The problem, says Andrew Krainin, co-founder and senior vice president of marketing at Sameday.com which helps retailers and b2b companies improve their distribution networks to support rapid deliveries, is that in-store inventories are difficult to pin down on a real-time basis. Inventory is sitting in customer’s shopping carts. Items get stolen and sales are recorded with the wrong SKUs. “Even if they have an integrated point-of-sale system, it’s not going to be 99% accurate,” he says. “Our belief is that retailers want a high degree of certainty and control over their orders.”
In addition, he says the in-store labor required for checking shelves and staffing a pick-and-pack operation is an expensive way to distribute goods. And creates conflicts with in-store processes-the higher the volume, the greater the disruption. Pickers would end up competing with shoppers.
“If you’re a mom-and-pop, it’s probably OK, but it’s not a viable solution for major national chains who want to maintain their brand at a high service level,” Krainin says. “If they start seeing significant volume, it will create conflict with their in-store processes.”
Barnes & Noble plans to take advantage of its inventory, buy in a different way. In a test of same-day service launched last May in New York, books ordered from bn.com by 11 a.m. are delivered by 7 p.m. at standard ground rates. Fulfillment is handled out of the company’s 800,000-title distribution center in Dayton, N.J., through City Sprint, a local courier service.

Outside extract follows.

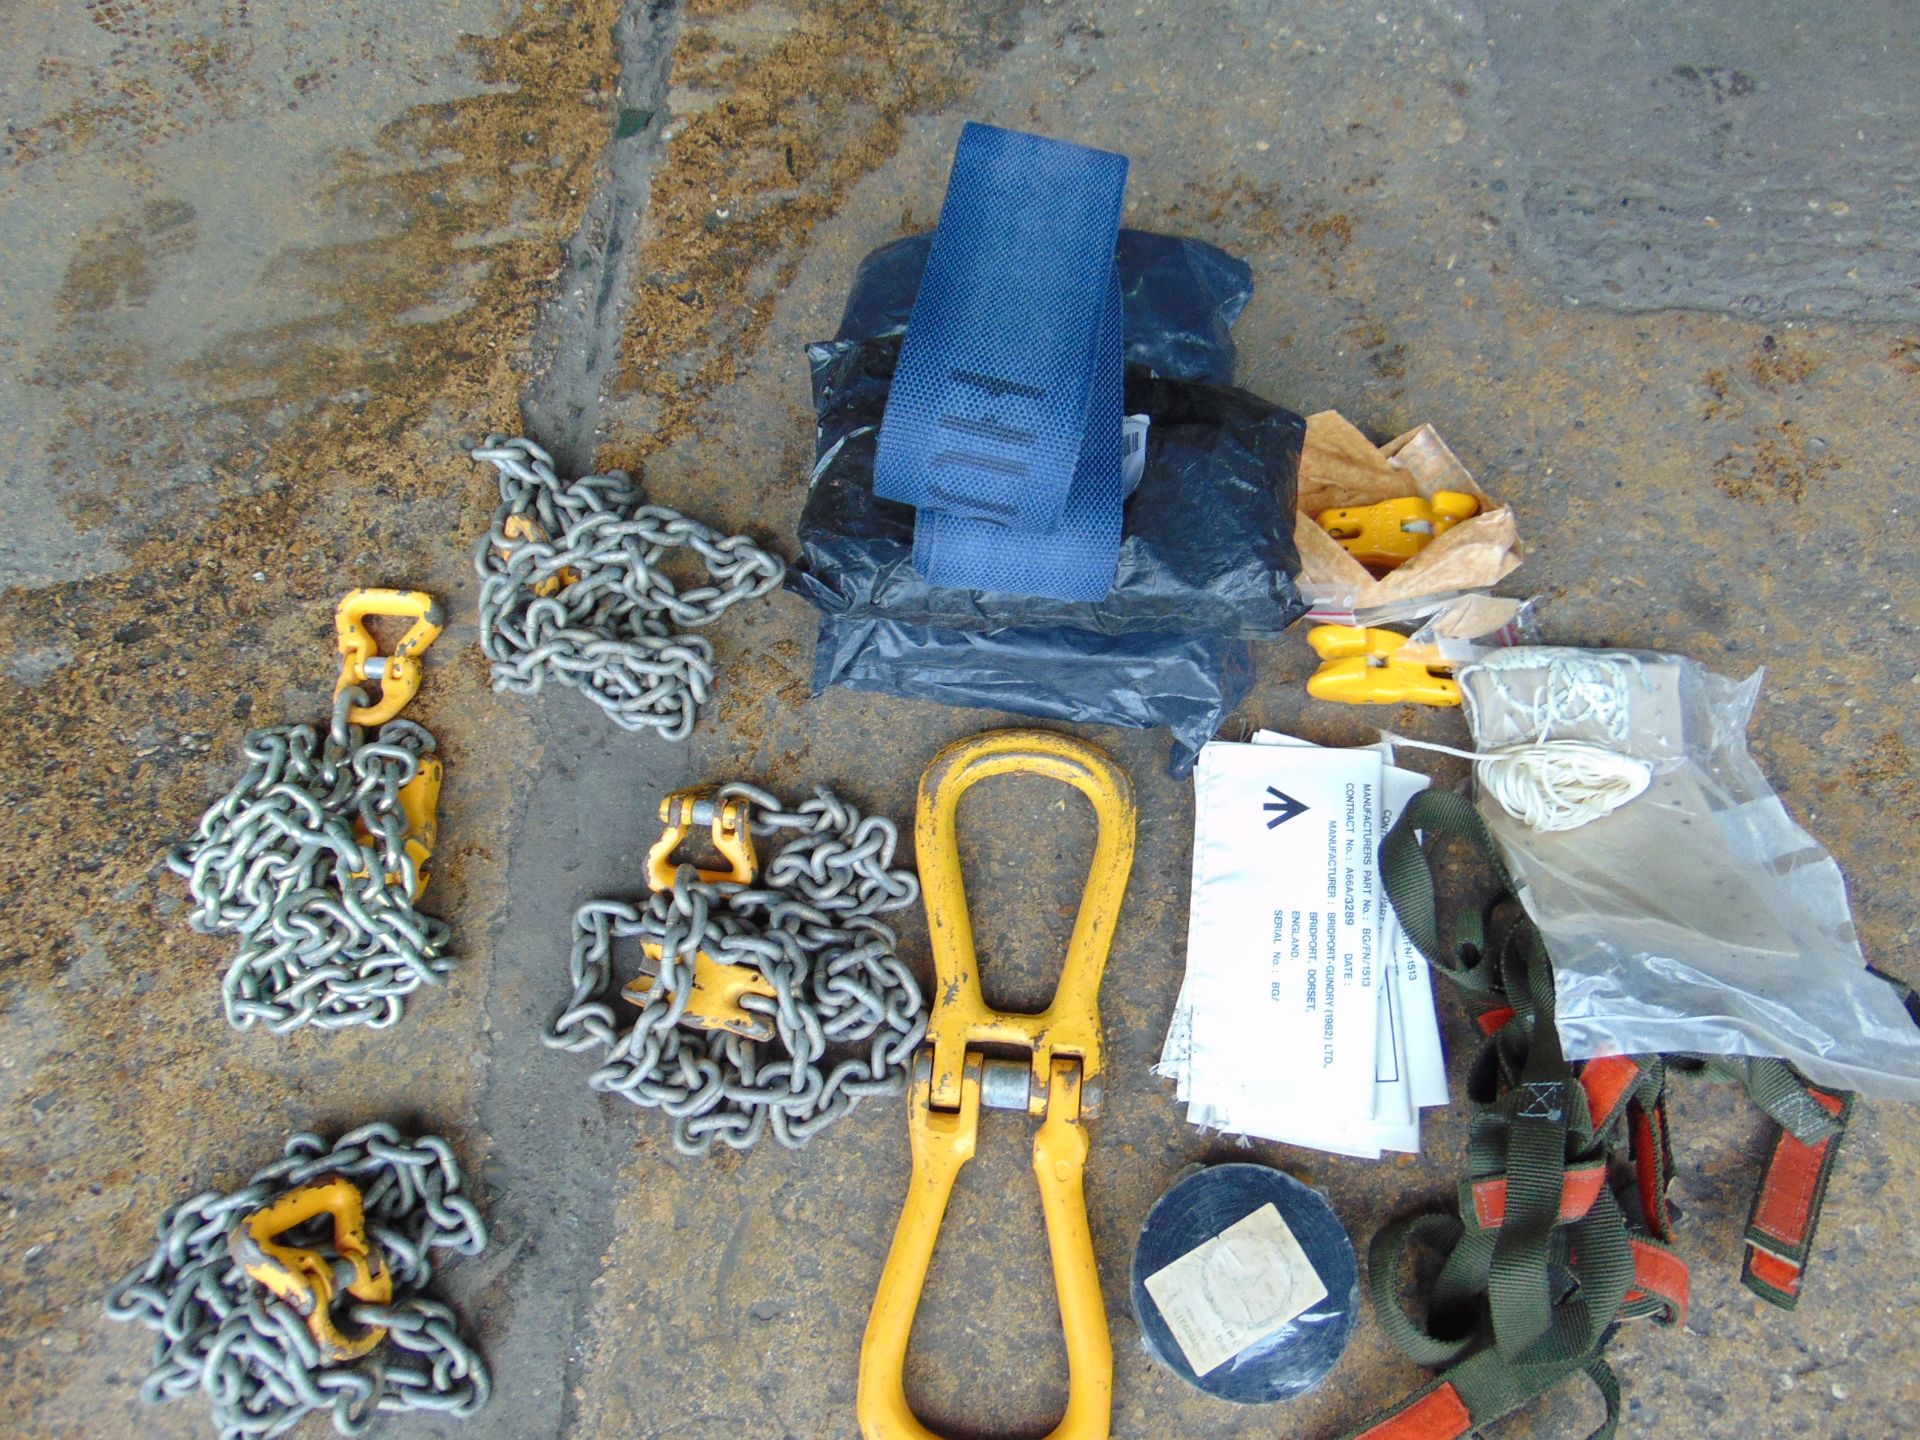 Lifting Kit c/w chains Straps etc Unissued - Image 4 of 4

According to Vice President Gus Carlson, the giant bookseller hopes to gain valuable experience while gauging consumer demand. Though deliveries are reportedly strong and growing, he is quick to point out that Manhattan is a unique, high-density market where everyone delivers.

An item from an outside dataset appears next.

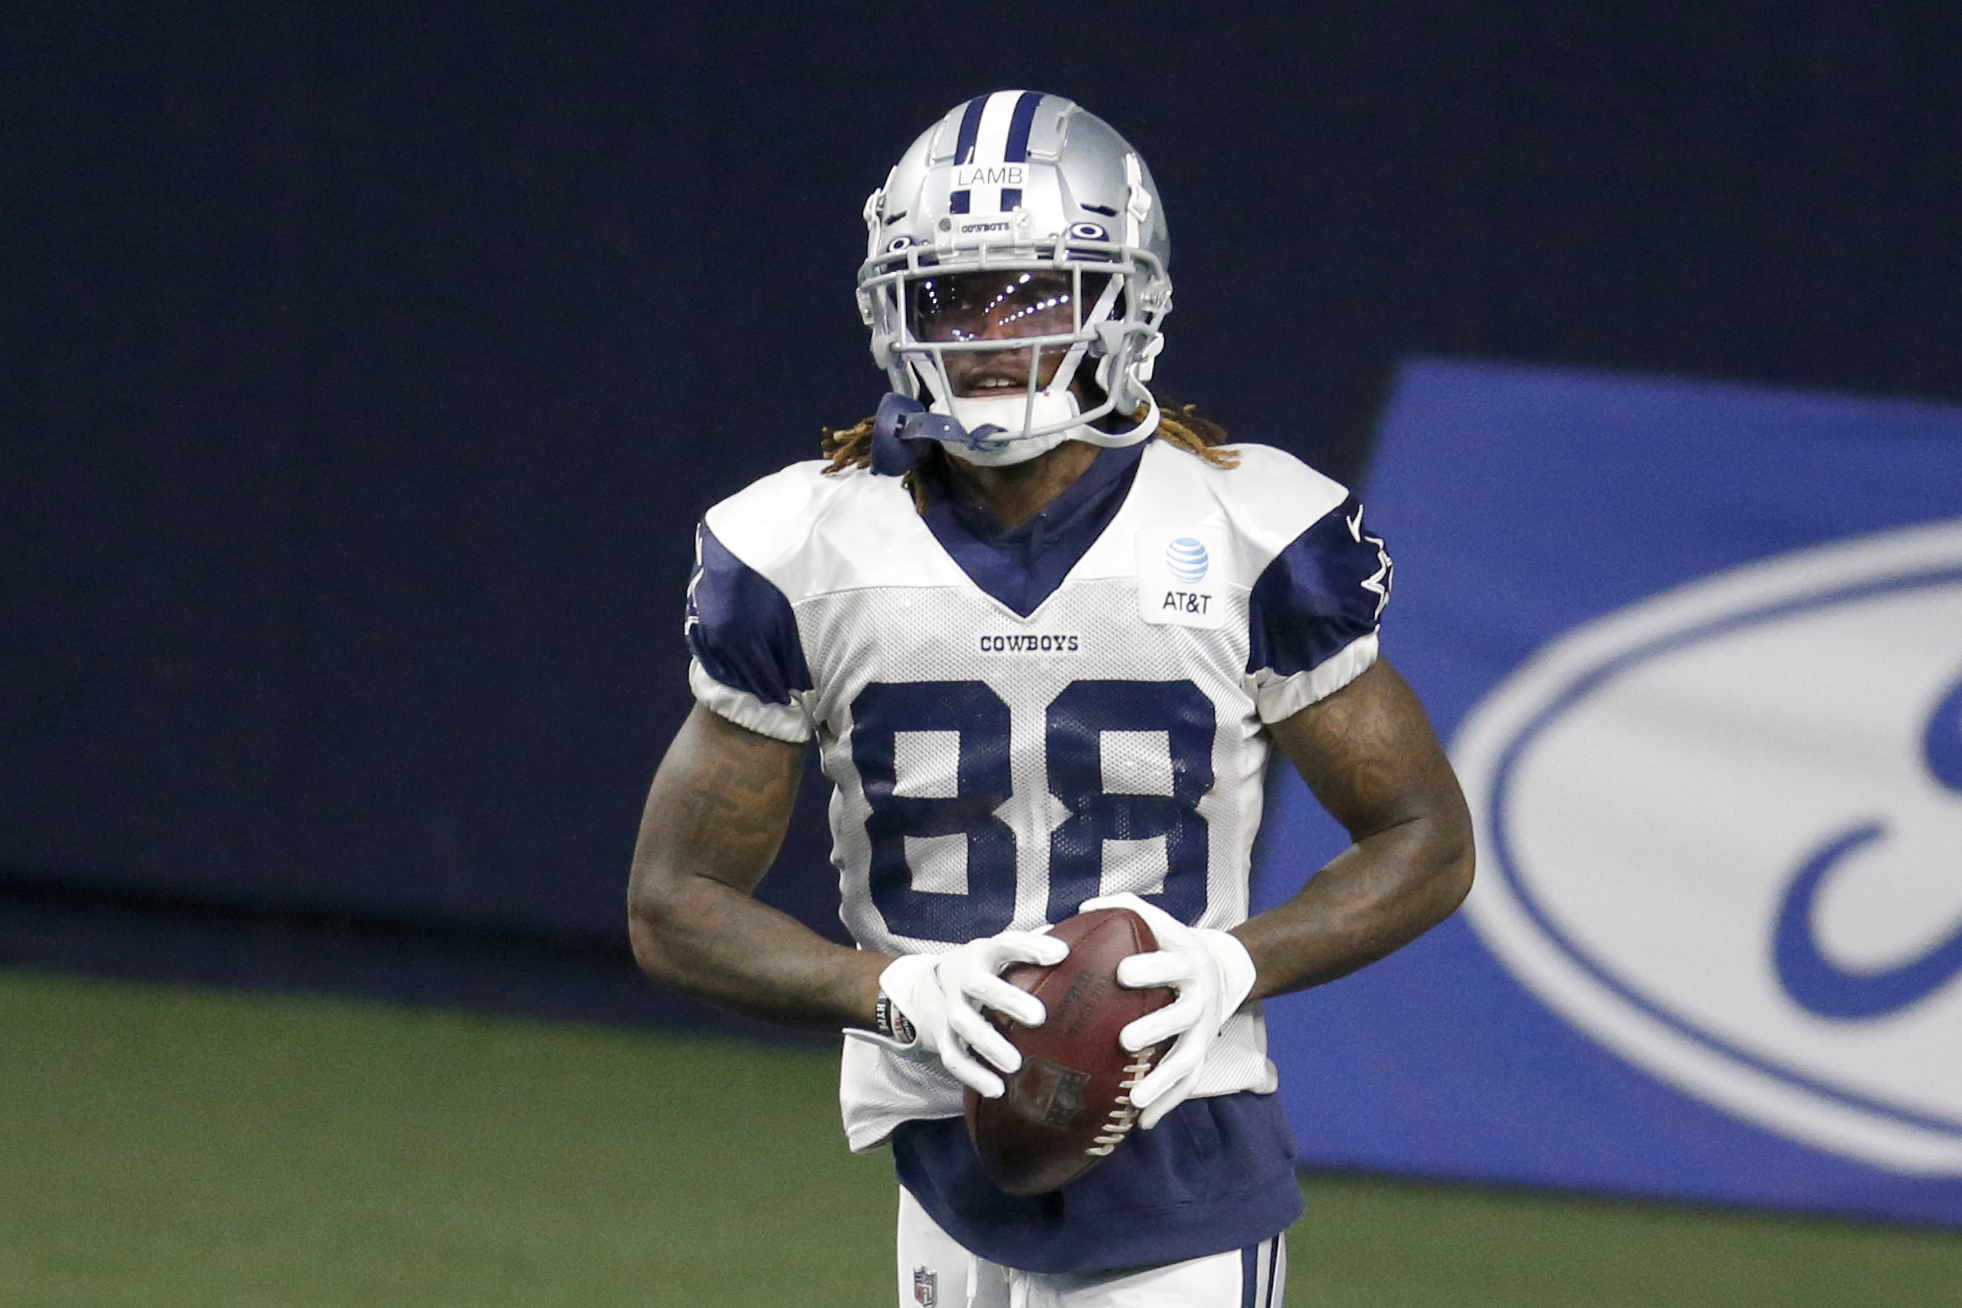 What impact will receiver CeeDee Lamb have on the Cowboys

“We’re still not sure if the technology is transferable to our entire market,” Carlson says. But then that’s what they said about online book selling. Amazon has got $60 million riding on Kozmo, and they’ve got history on their side.
If we’ve learned anything from the century that brought us FedEx, Moore’s Law and the Internet, it’s that someone always finds a way to do things faster and cheaper. But, as Smith’s and now Park’s examples demonstrate, don’t expect it to happen overnight.
In theory, a good idea, but …
Susan Neal, vice president of business development at Gymboree, understands the problems of in-store distribution first hand. While some advocate that retailers ship merchandise they have on hand to web shoppers, it’s just not that easy.
Last Christmas, the 550-store children’s apparel retailer tested same-day delivery with DeliverEtoday at a Bay area store. Online customers in selected ZIP codes were offered free same-day delivery. Gymboree’s motivation for offering the service? “It’s consistent with our brand,” explains Neal. “Moms don’t have a lot of time. We want to make their lives easier.”